Mitunter hilft auch die Umstellung auf laktosefreie Milchprodukte.

b)   Mit einem sog. H2 Atemtest kann eine Laktoseintoleranz eindeutig diagnostiziert werden. Eine definierte Menge Milchzucker wird geschluckt  und in definierten Abständen wird in der Ausatemluft  Wasserstoffgehalt gemessen. Steigt der Wert an und treten gleichzeitig typische Symptome haben Sie eine Laktoseintoleranz.

Was tun?

a)  Lactase in Tablettenform zum Essen einnehmen (Lactrase®, Lactacid®, Lactase-Plus®):

Zu milchzuckerhaltigen Nahrungsmitteln kann man in der Apotheke erhältliche Enzymtabletten einnehmen, d.h. das dem Körper fehlende Enzym ersetzten. Die Tabletten sind nicht verschreibungsfähig.

b)   Diät:
 Butter und gereifter Käse zB enthalten keine oder kaum Laktose.

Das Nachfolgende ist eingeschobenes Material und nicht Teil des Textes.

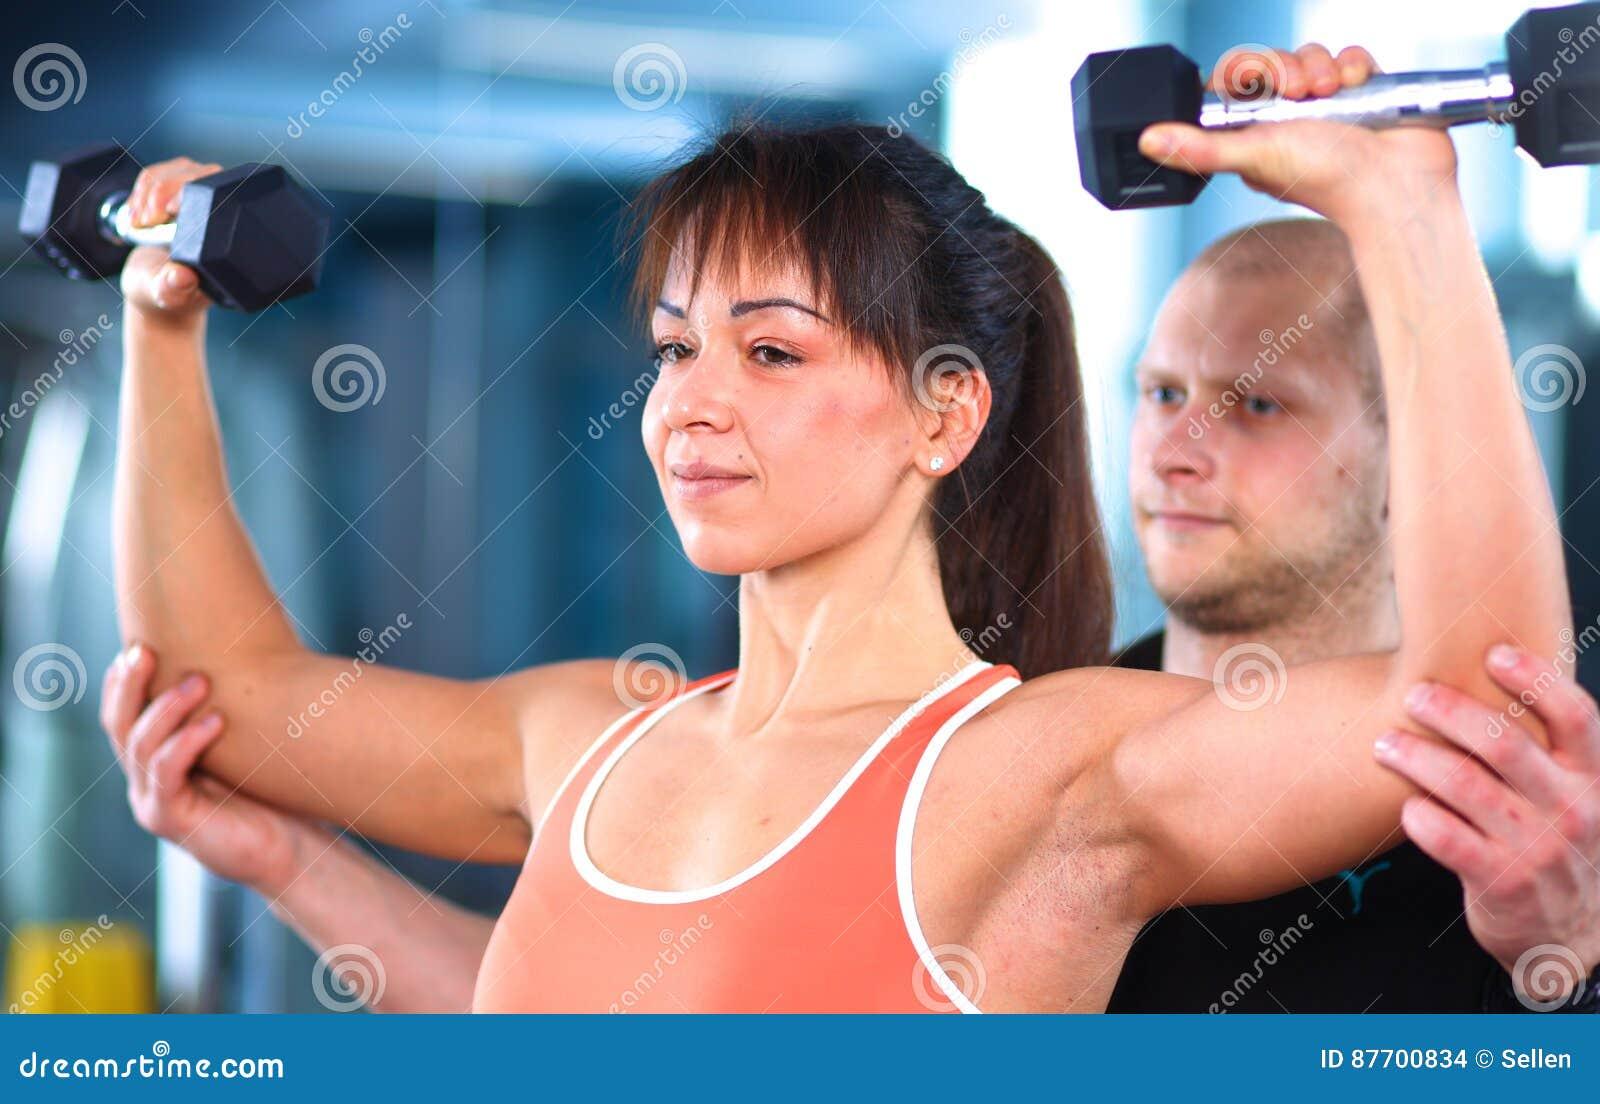 Belle femme au gymnase s exerçant avec son entraîneur

– Fermentierte Milchprodukte wie Jogurt, Buttermilch, Quark, Kefir werden in kleinen Mengen oft gut vertragen.

– Laktosefreie Milchprodukte (z.B.  Minus L-Produkte)

– Milchersatz zB aus Soja oder Kokos

– Achten Sie auf eine ausreichende Kalziumzufuhr!

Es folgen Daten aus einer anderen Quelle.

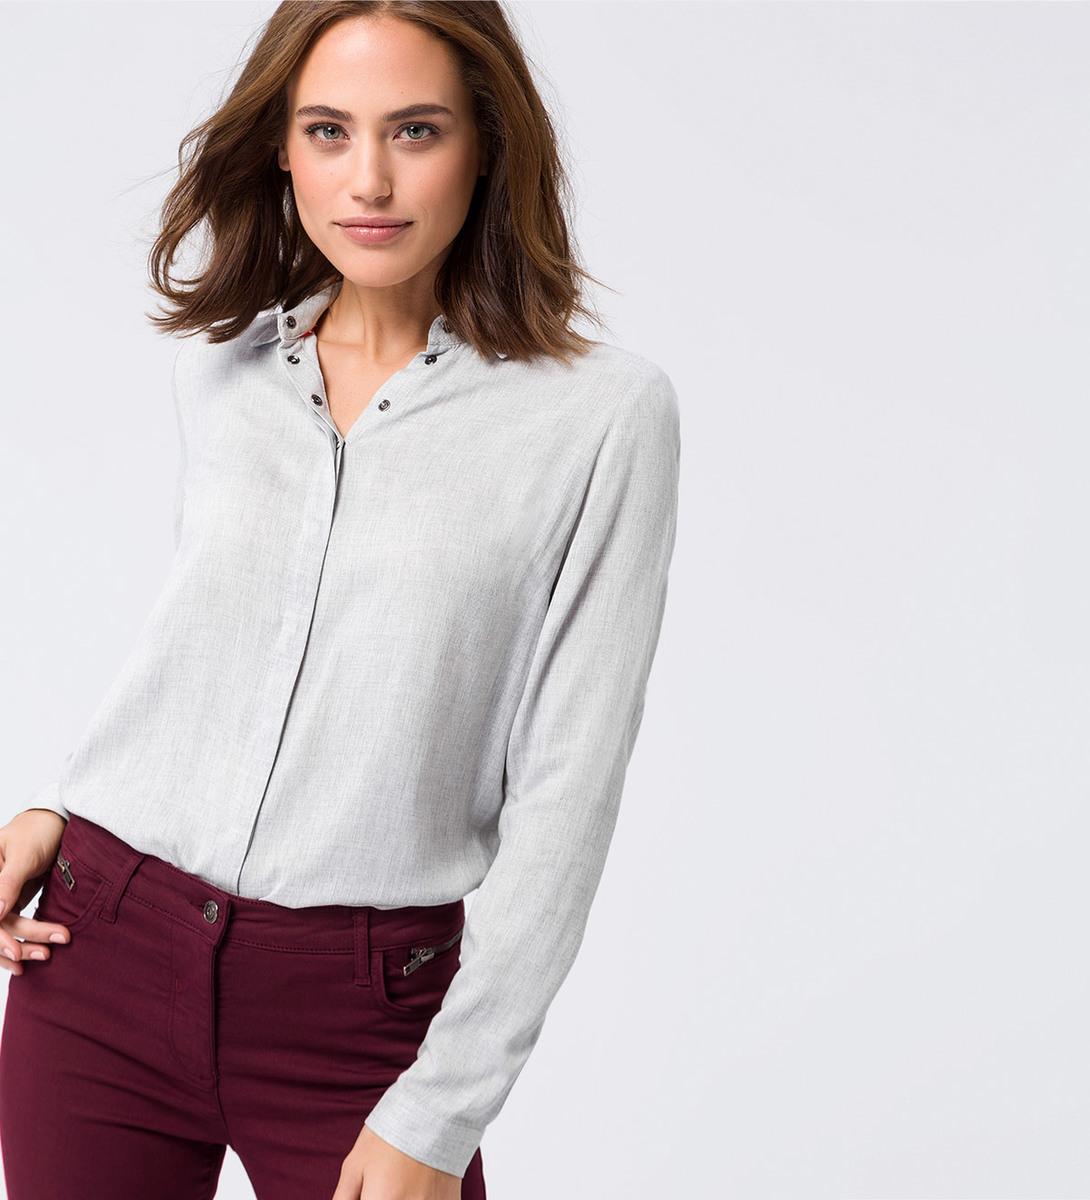 Bluse aus Viskose in stone grey

Unser Merkblatt: EDS_Laktoseintoleranz

2) FRUKTOSEMALABSORPTION

Viele können auch Fruchtzucker nicht richtig verwerten. Bis zu einem Drittel der Bevölkerung soll betroffen sein. Problemfrüchte sind oft Birnen, Äpfel, Pflaumen, Mangos und Wassermelonen.

Ein Transportprotein, dass den Fruchtzucker aus dem Dünndarm in die Blutbahn schleust funktioniert nicht mehr richtig. Daher der Begriff Malabsorption (=mangelnde Aufnahme). Auch hier ist es so, dass der Fruchtzucker in den Dickdarm gelangt und die Stoffwechselprodukte der Darmbakterien für Beschwerden sorgen.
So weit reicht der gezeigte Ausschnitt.